Задали наши ходики зверю задачу!
Горностай застыл, не доверяя ни на мгновение коварству этого хитроумного снаряда. Я сидел не шелохнувшись и боялся нарушить настороженную внимательность своего гостя. Горностай тоже не двигался — он напряженно смотрел и смотрел зеленовато поблескивавшими глазками на равнодушно тикающие ходики.
Гибкое и тонкое тельце горностая, одетое в теплую зимнюю шубу, казалось тучным и полным. Маленькая усатая головка с тонкими иголочками ощеренных зубов выглядела воинственно и хищно. Черное пятнышко на конце хвоста резко контрастировало со сплошной белизной его шкурки.
Я видел горностая летом, среди камней, в зарослях стланика.

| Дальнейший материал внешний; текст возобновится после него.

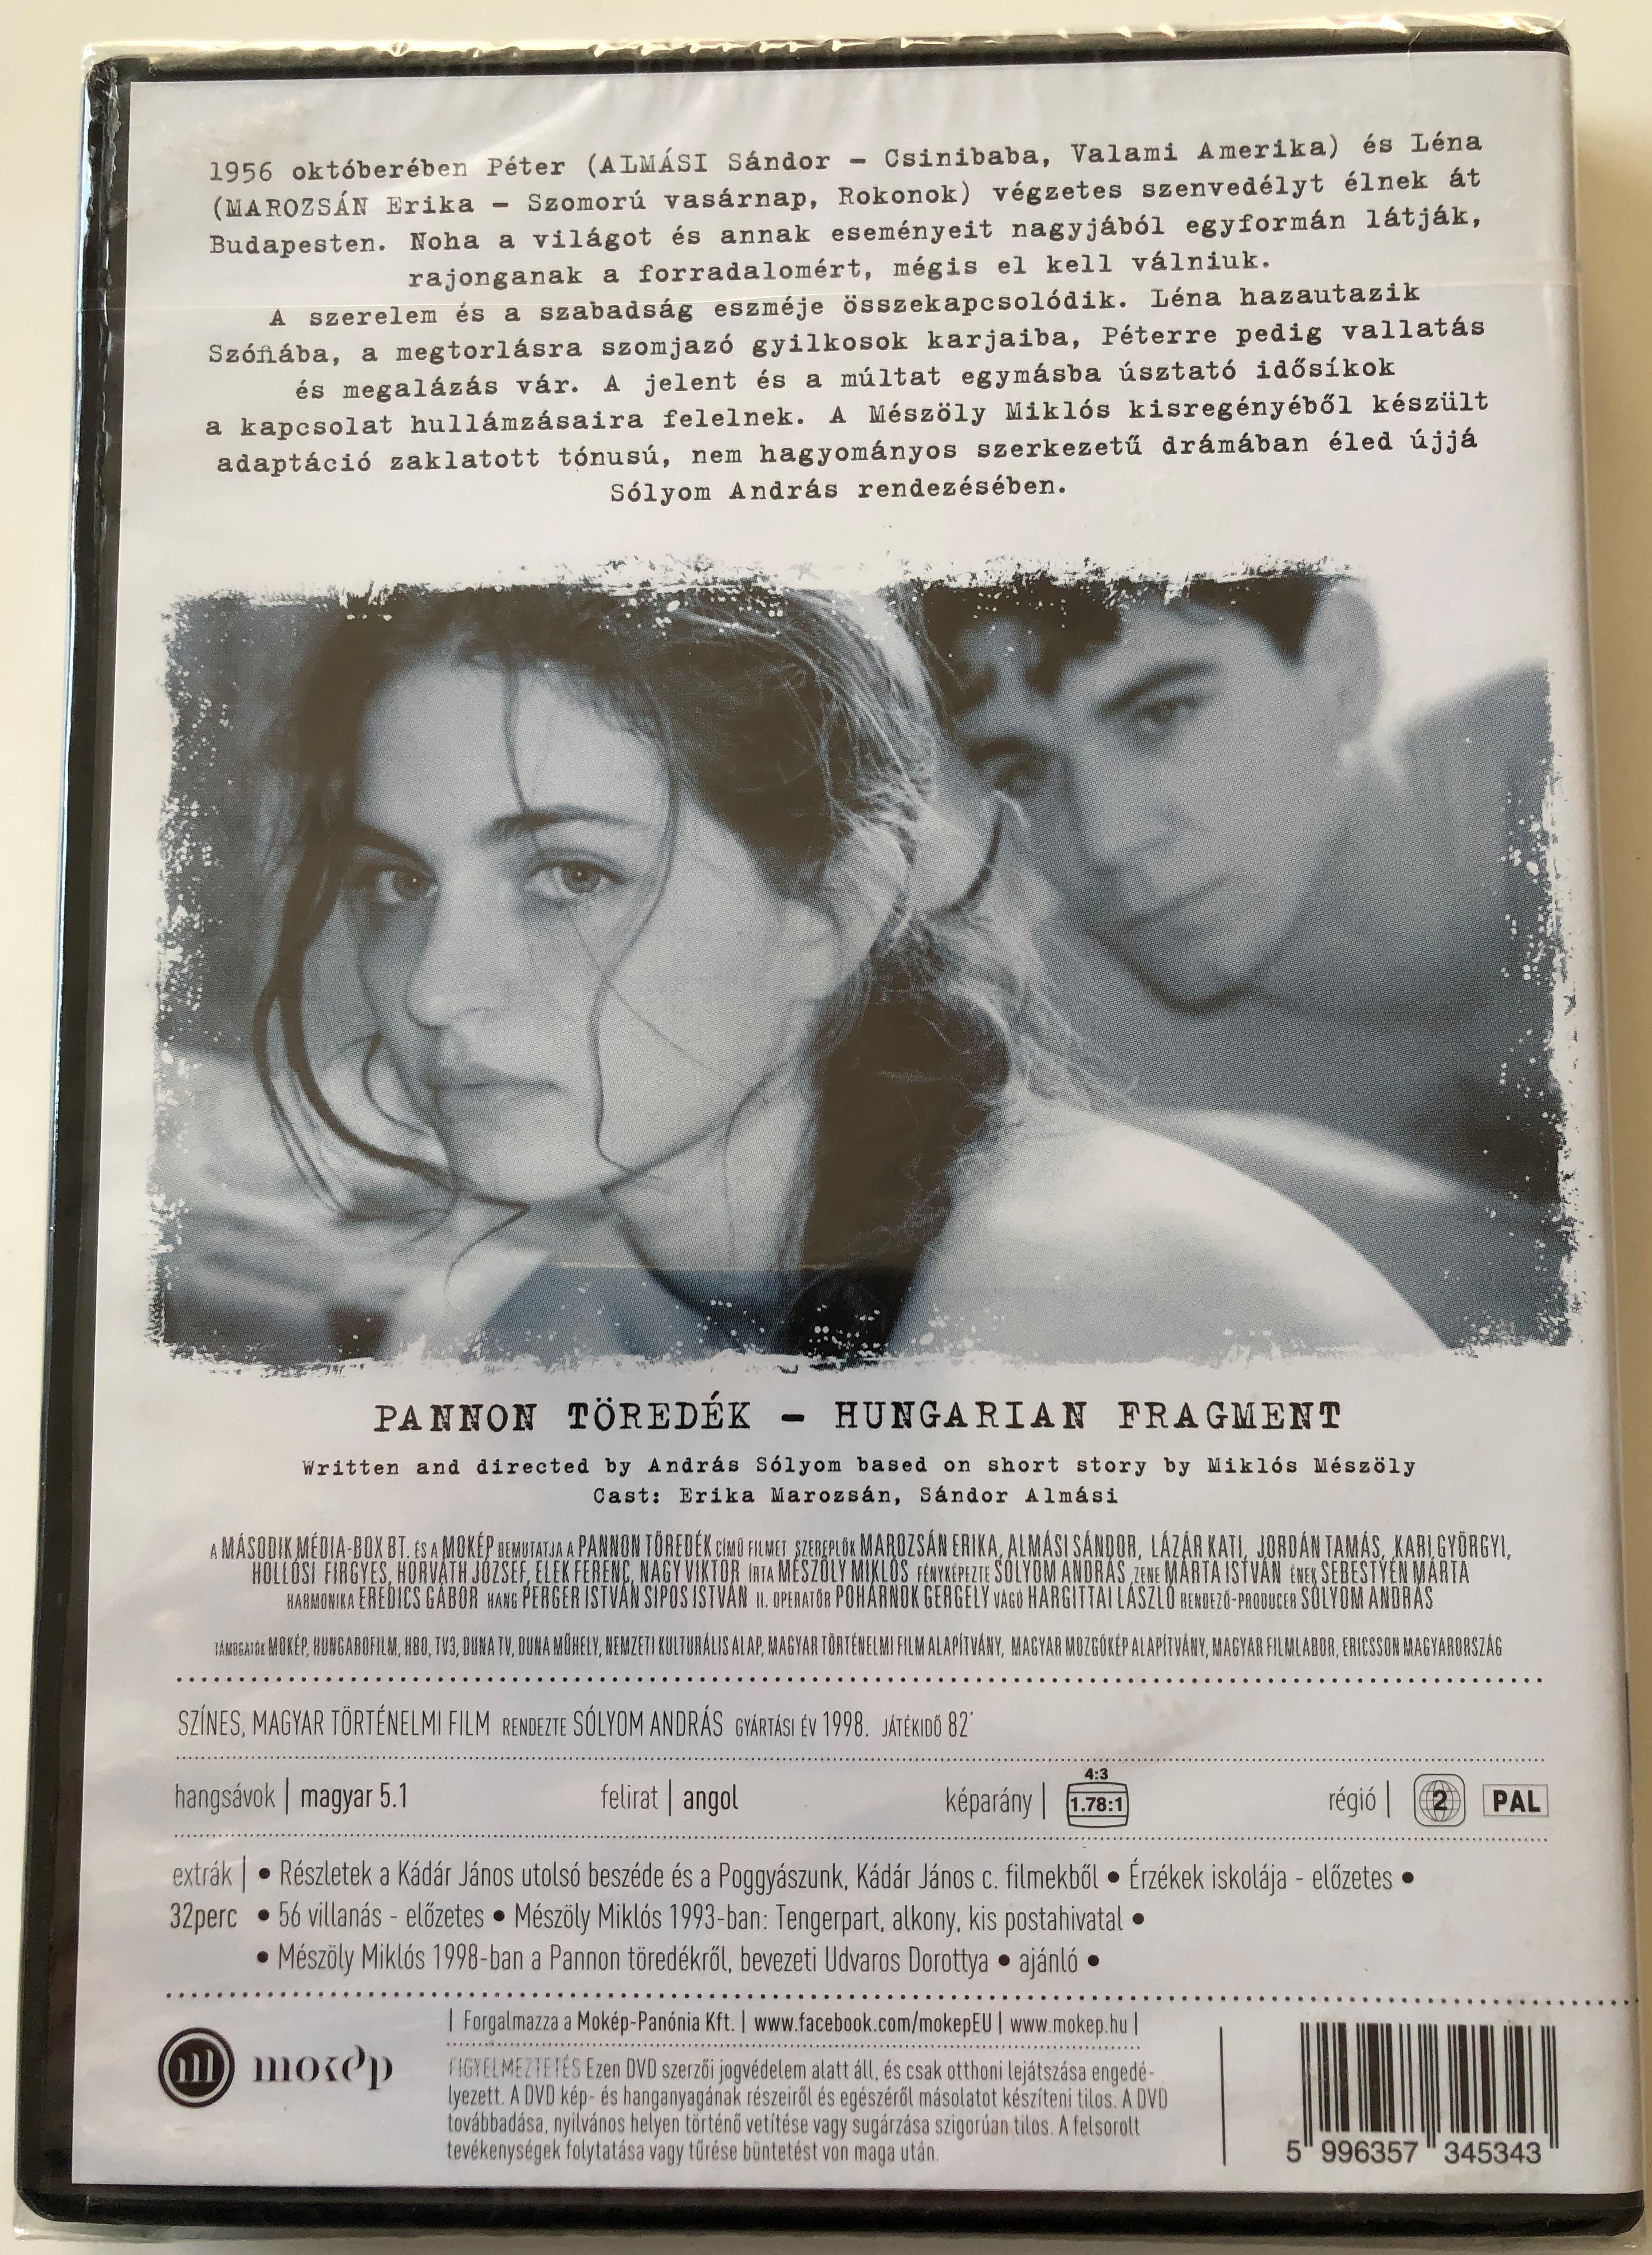 Pannon Töredék DVD 1998 Hungarian Fragment 1

Вот так же он стоял, выгнув спину, и смотрел на меня злыми глазами, повернув назад головку и ощерив острые зубы. Но как жалок он был тогда: тонкое худое тельце — ну прямо змея на лапках, — весь в сиреневато-коричневых и грязно-желтых пятнах. Он был воинствен, но не страшен, хотя, вероятно, не менее опасен, чем зимой. Сейчас горностай был положительно красив, статен и как-ро по-особому внушителен…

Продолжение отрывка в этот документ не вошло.